* [DATA SHOWN]:
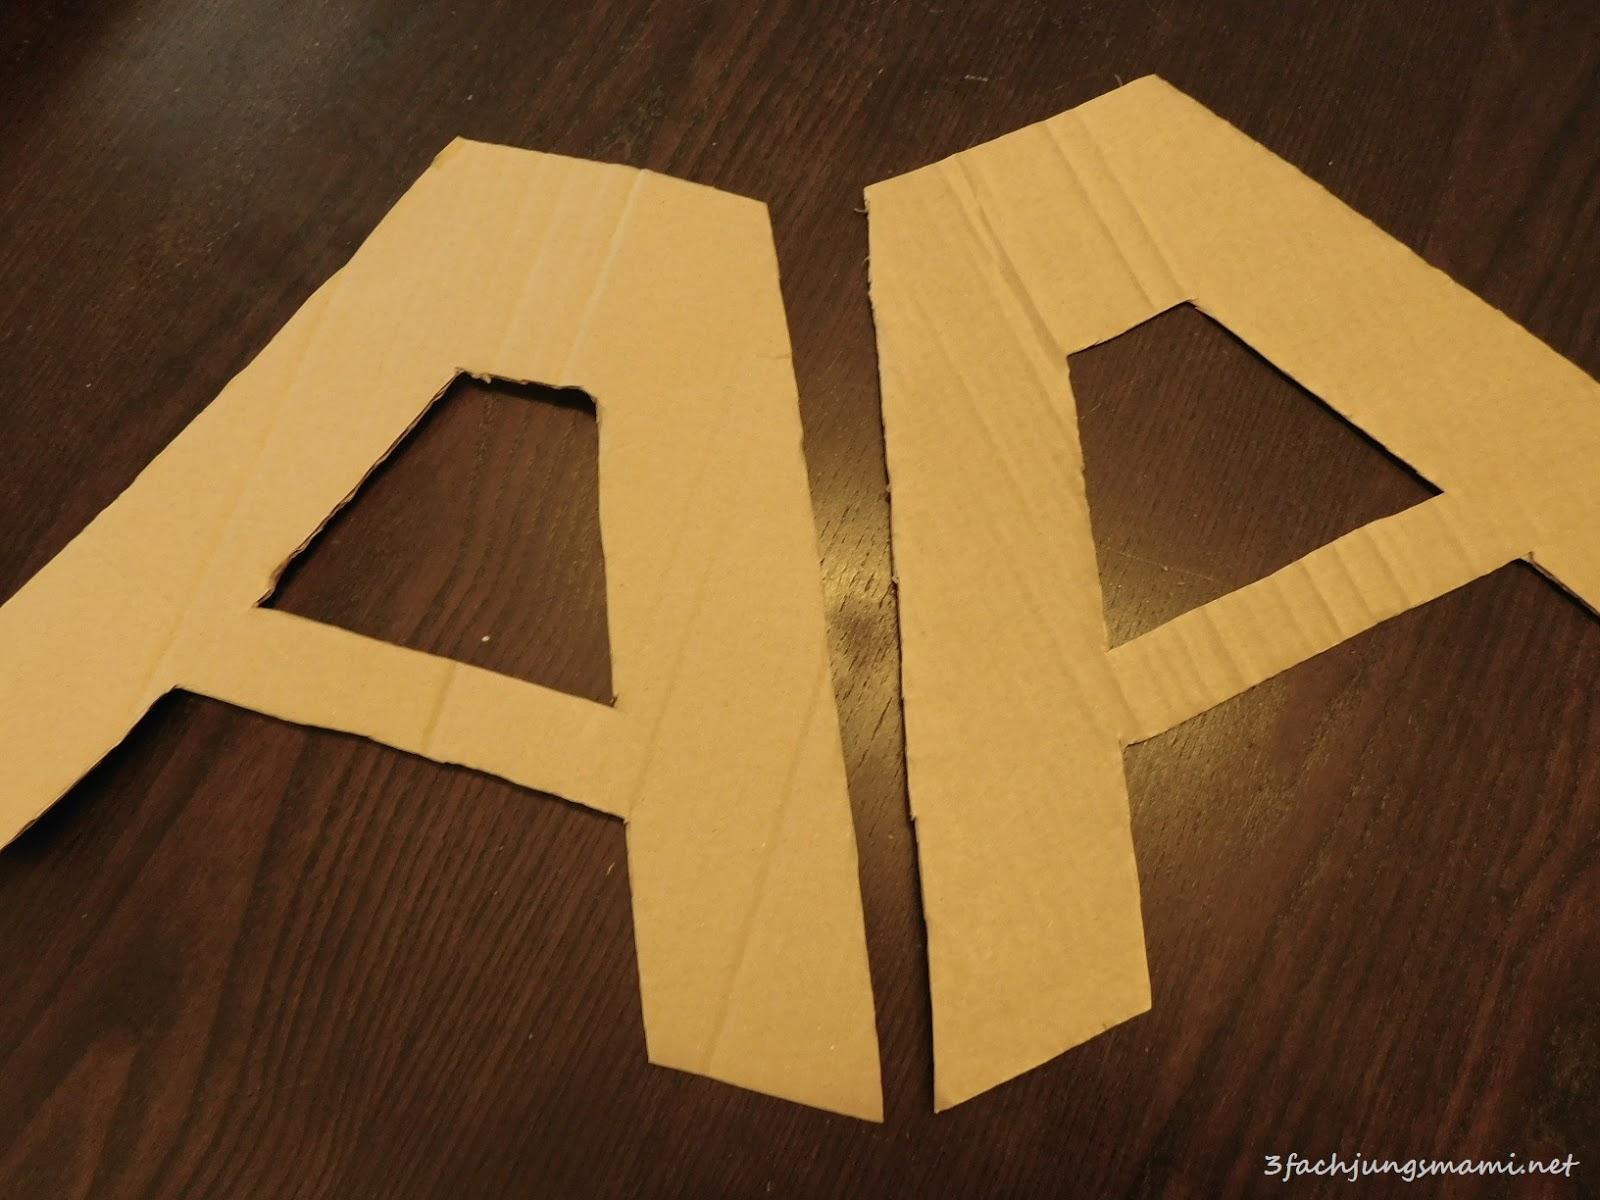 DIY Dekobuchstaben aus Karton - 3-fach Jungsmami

==

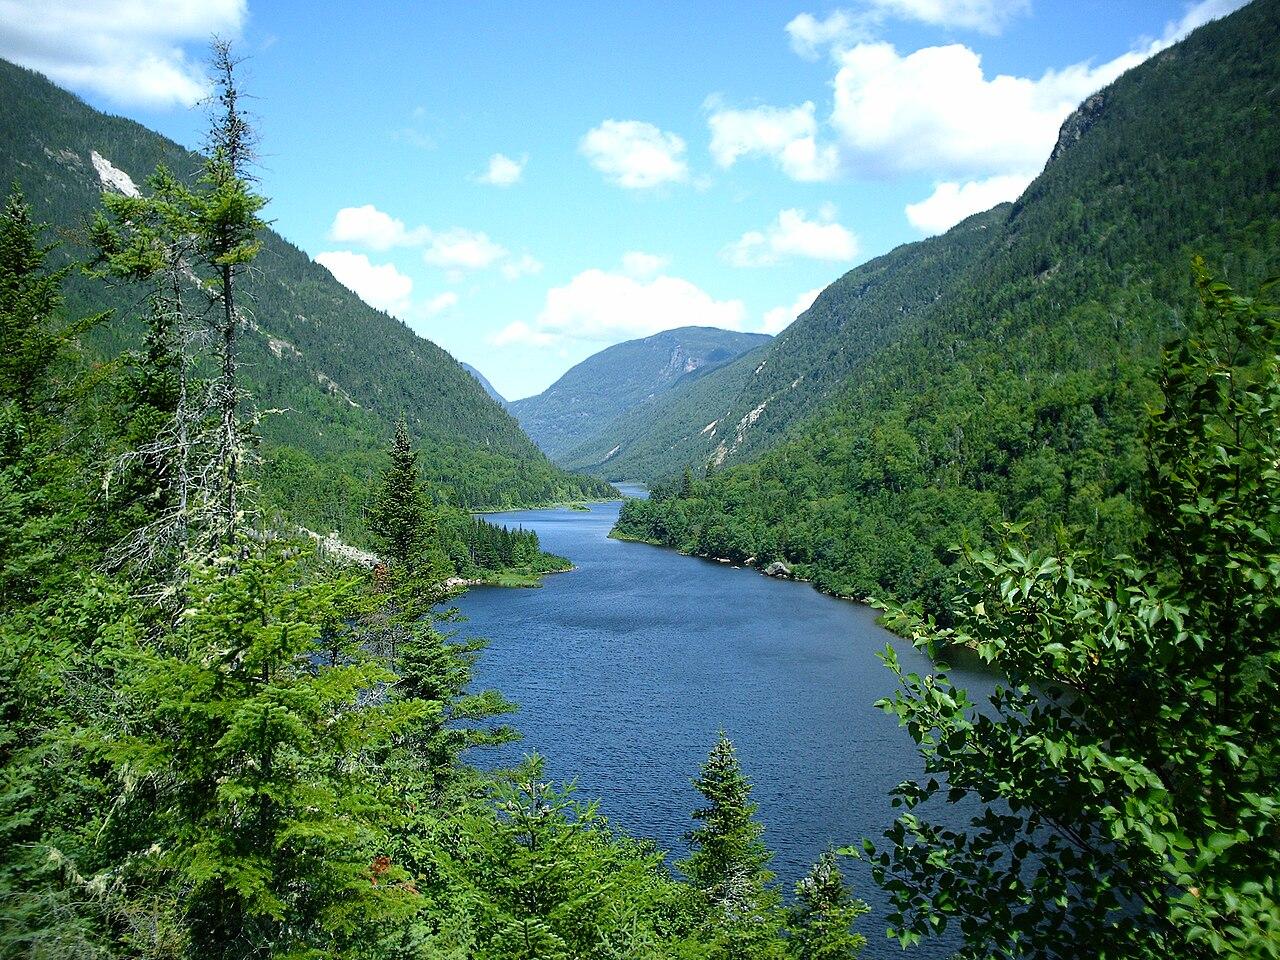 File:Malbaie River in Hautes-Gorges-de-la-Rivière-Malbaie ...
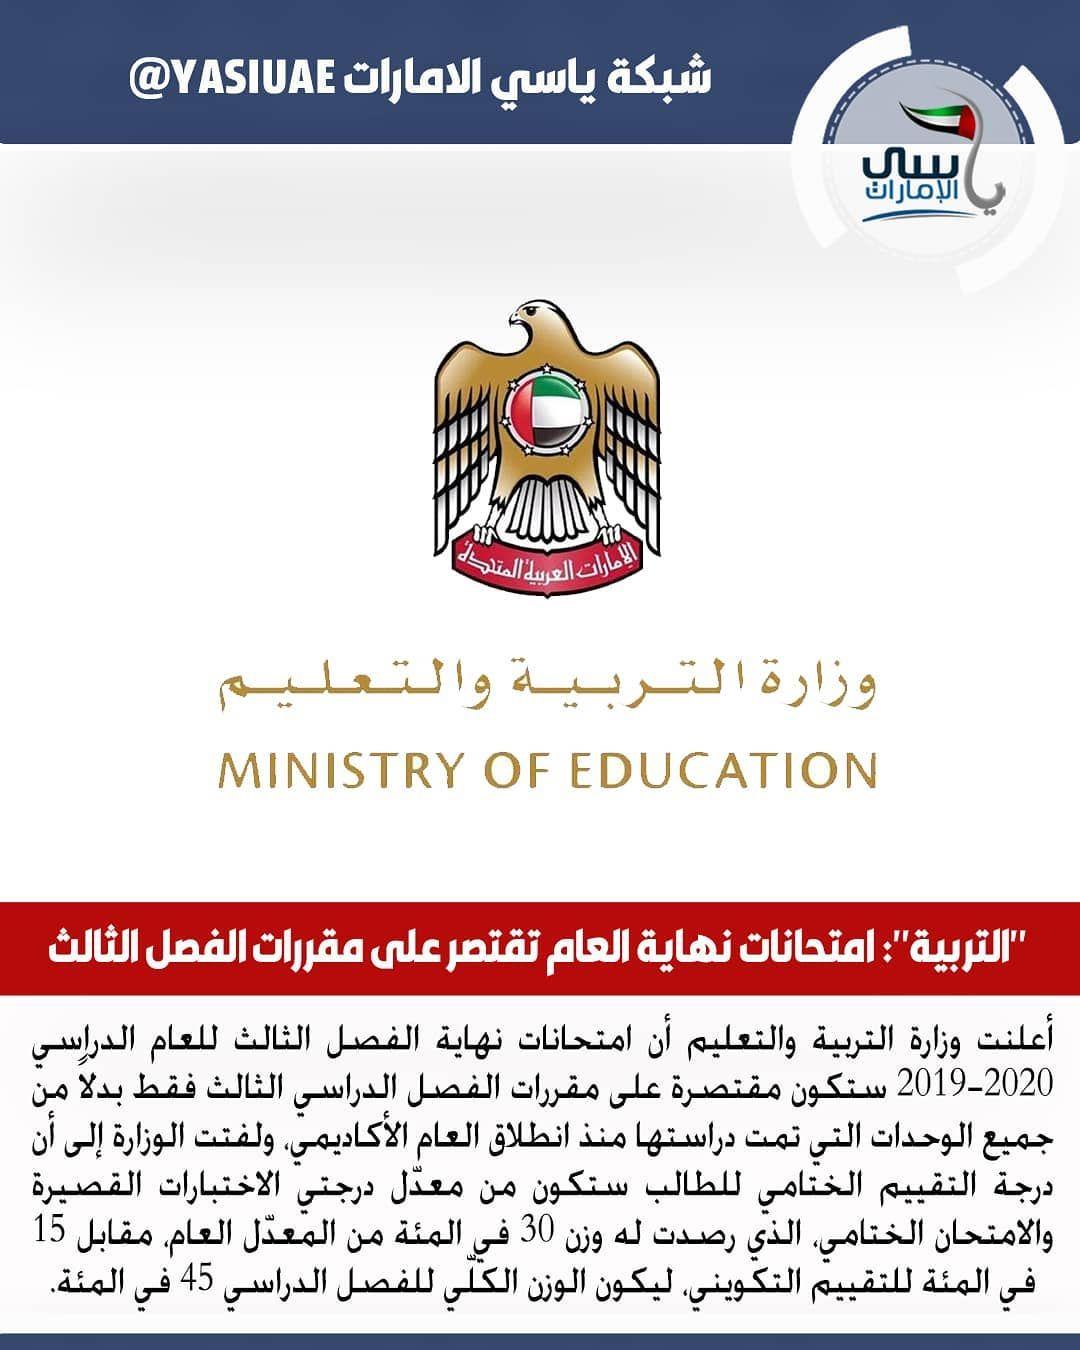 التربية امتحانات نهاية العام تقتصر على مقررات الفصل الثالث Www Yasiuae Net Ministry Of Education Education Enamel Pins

...

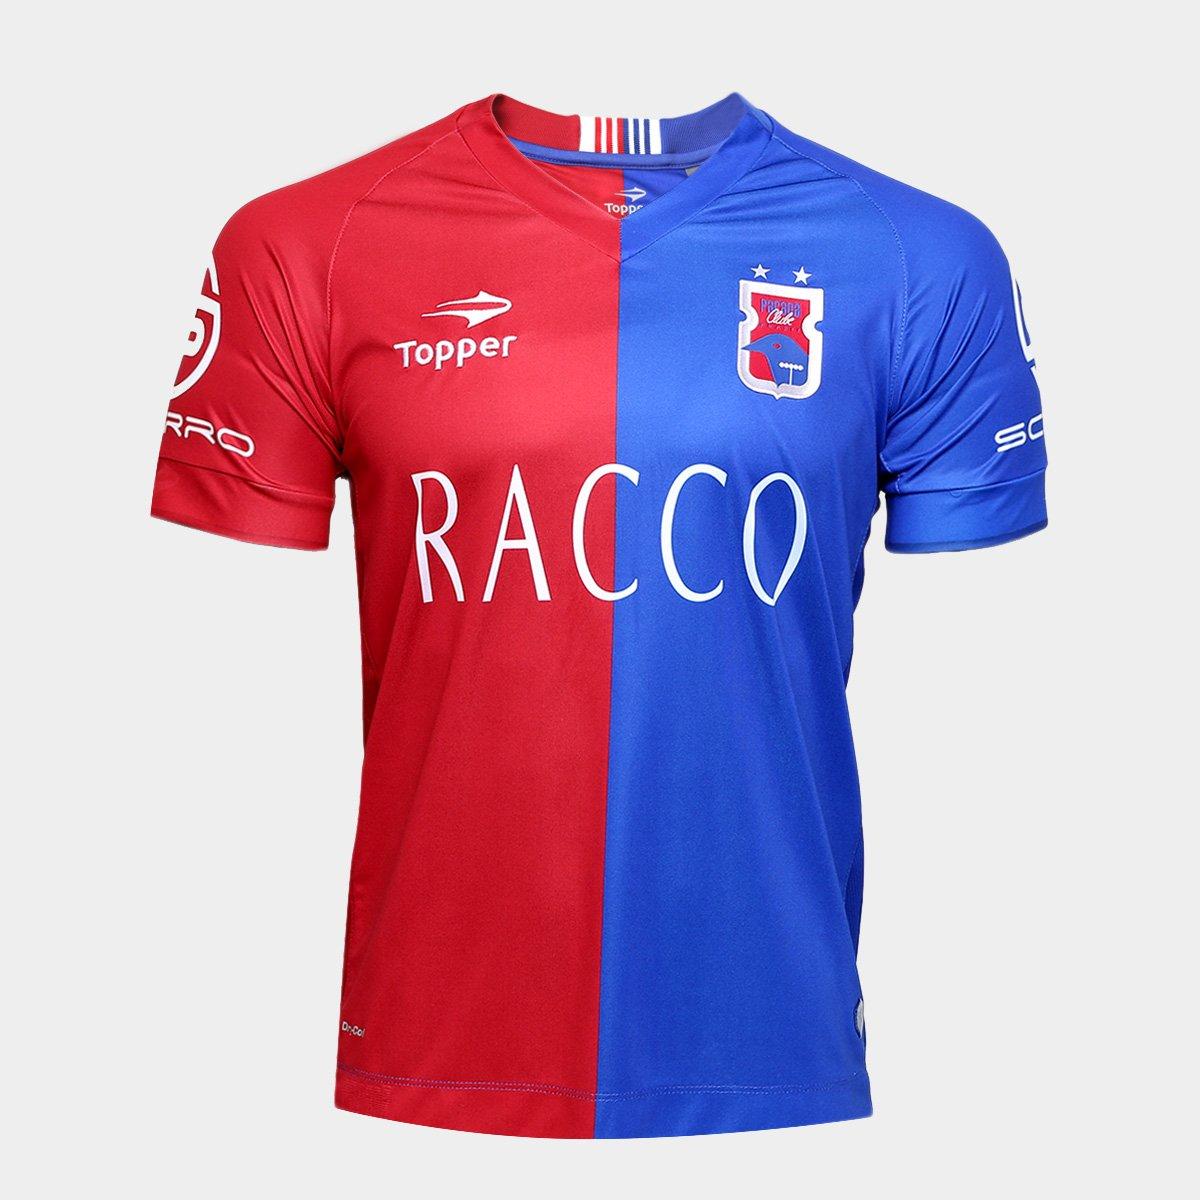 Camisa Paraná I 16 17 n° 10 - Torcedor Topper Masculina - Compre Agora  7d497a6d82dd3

* [WHAT TO WORK ON]: Copy the entries above exactly, but only the stretch from the line containing "File:Malbaie River in" through the line containing "التربية امتحانات نهاية". Keep both end lines; drop the pictures.

* [EXERCISE RESPONSE]:
 File:Malbaie River in Hautes-Gorges-de-la-Rivière-Malbaie ...
 التربية امتحانات نهاية العام تقتصر على مقررات الفصل الثالث Www Yasiuae Net Ministry Of Education Education Enamel Pins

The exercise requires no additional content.